INSTRUCTIONS TO FOLLOW:
Under this line is a listing; return exactly the lines starting at the one with "89-BRANKSOME-RD-LIVING-ROOM-2-REALSTAR - EDGEPROP" and running down to the one with "introducción a NodeJS", and leave out its pictures.

DATA SHOWN:
Content starts

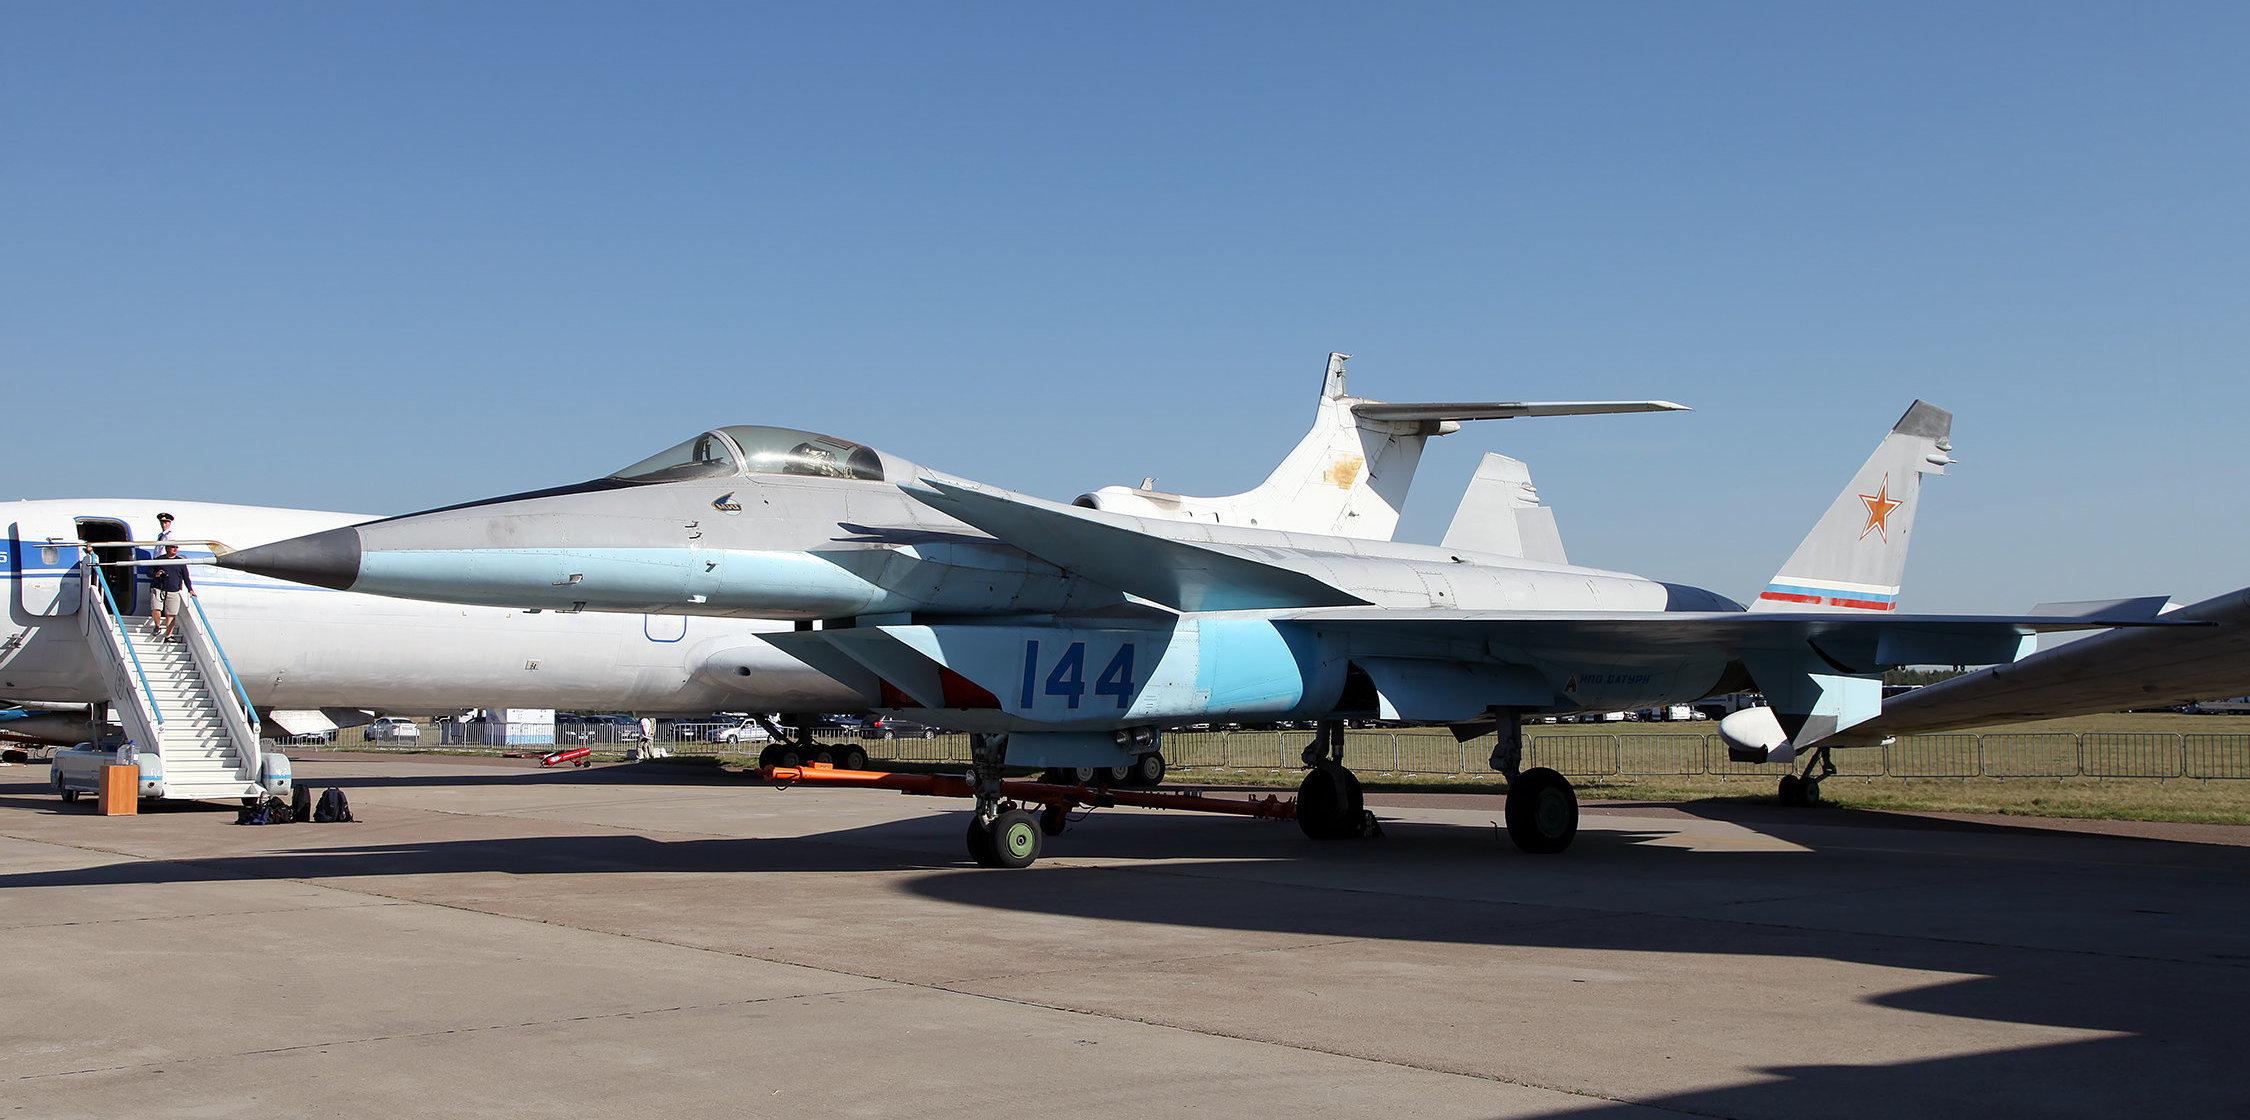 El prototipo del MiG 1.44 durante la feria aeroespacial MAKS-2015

Content ends
Content starts

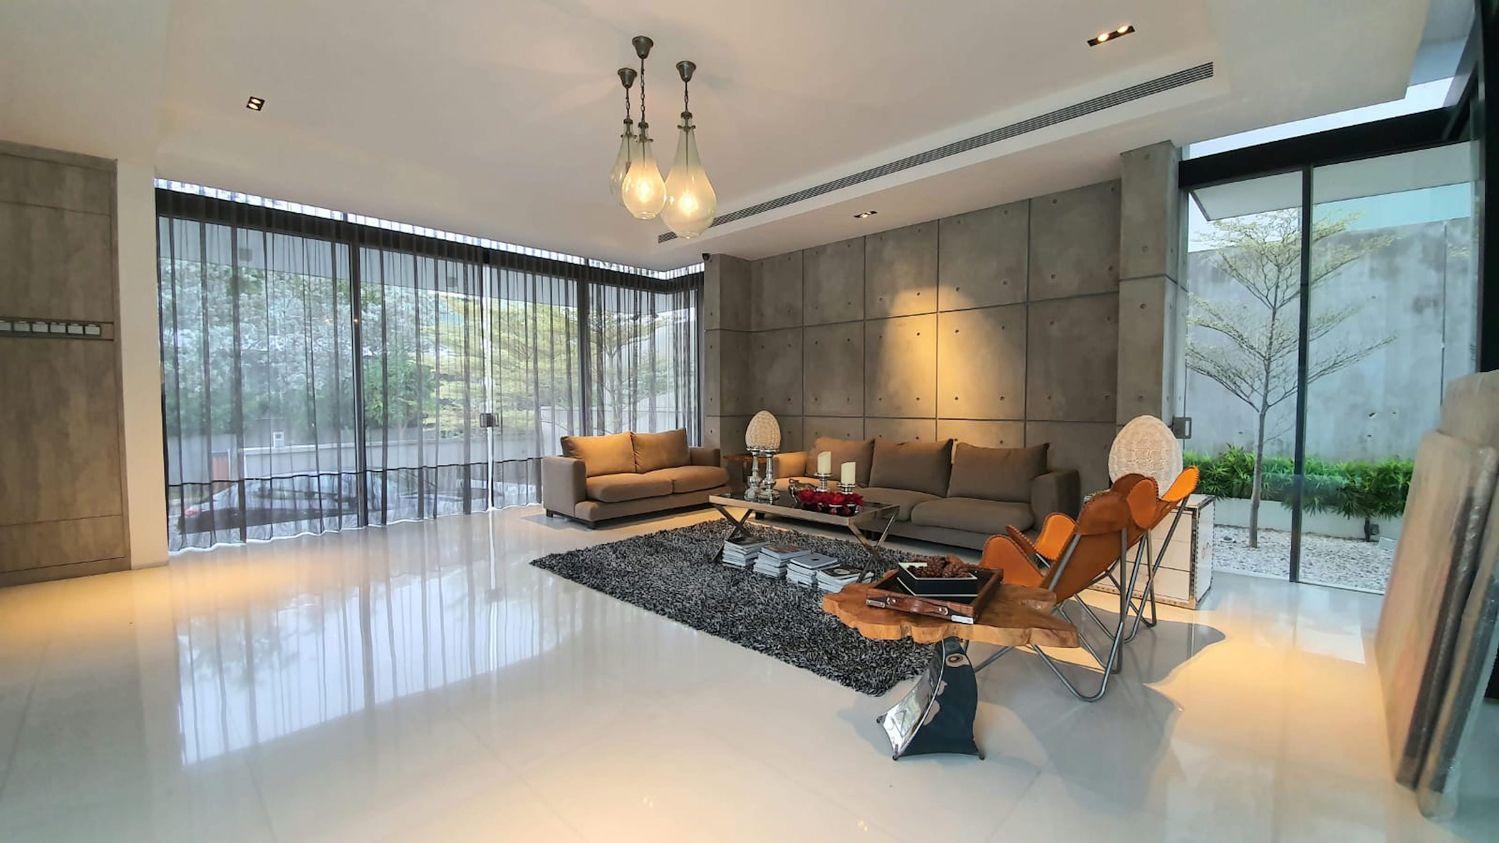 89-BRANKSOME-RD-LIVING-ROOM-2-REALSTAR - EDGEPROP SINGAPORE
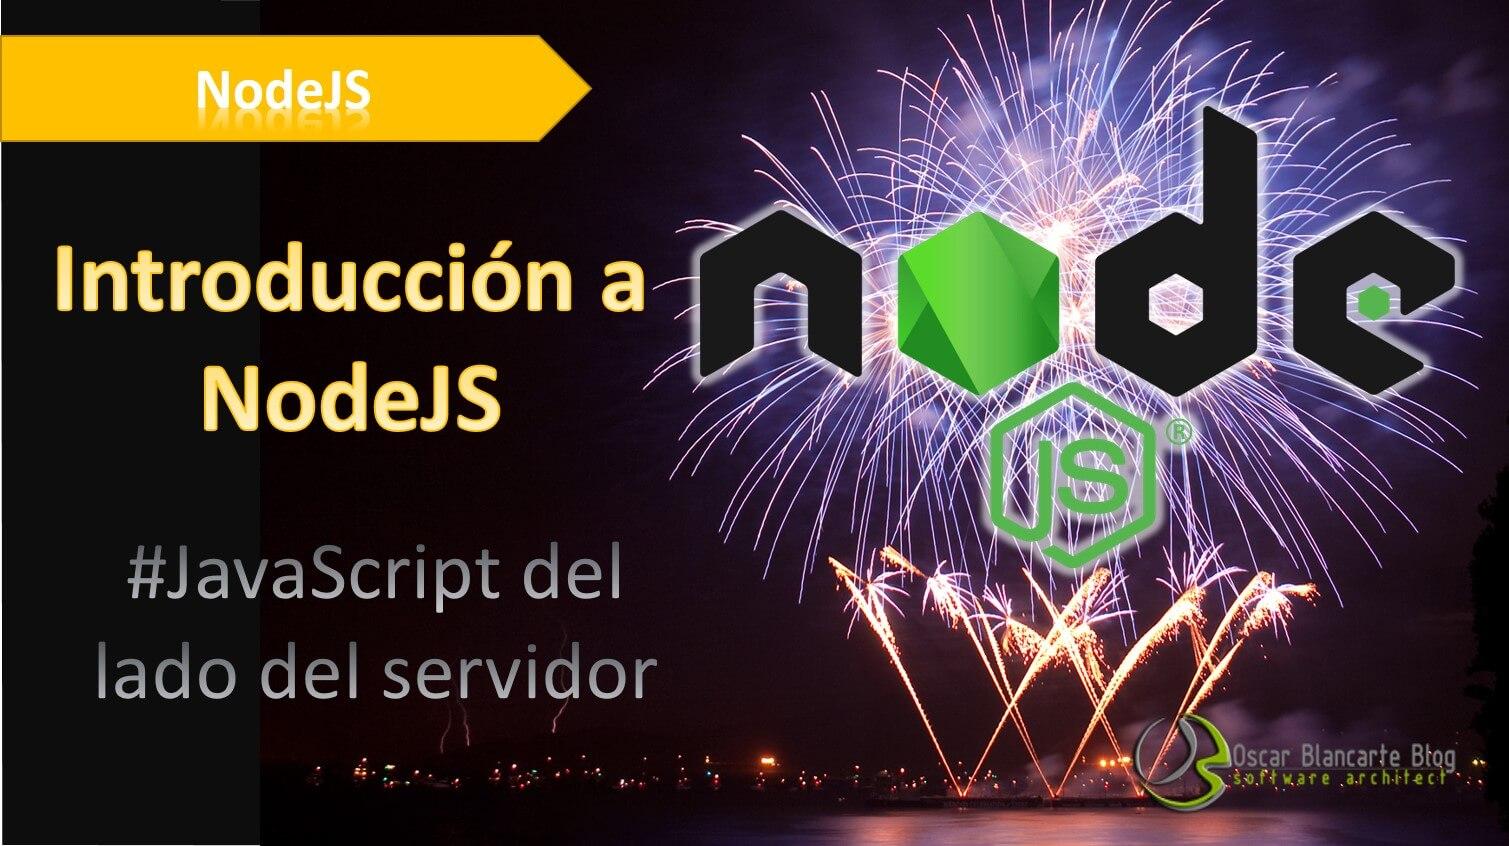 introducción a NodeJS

Content ends

TASK OUTPUT:
 89-BRANKSOME-RD-LIVING-ROOM-2-REALSTAR - EDGEPROP SINGAPORE
 introducción a NodeJS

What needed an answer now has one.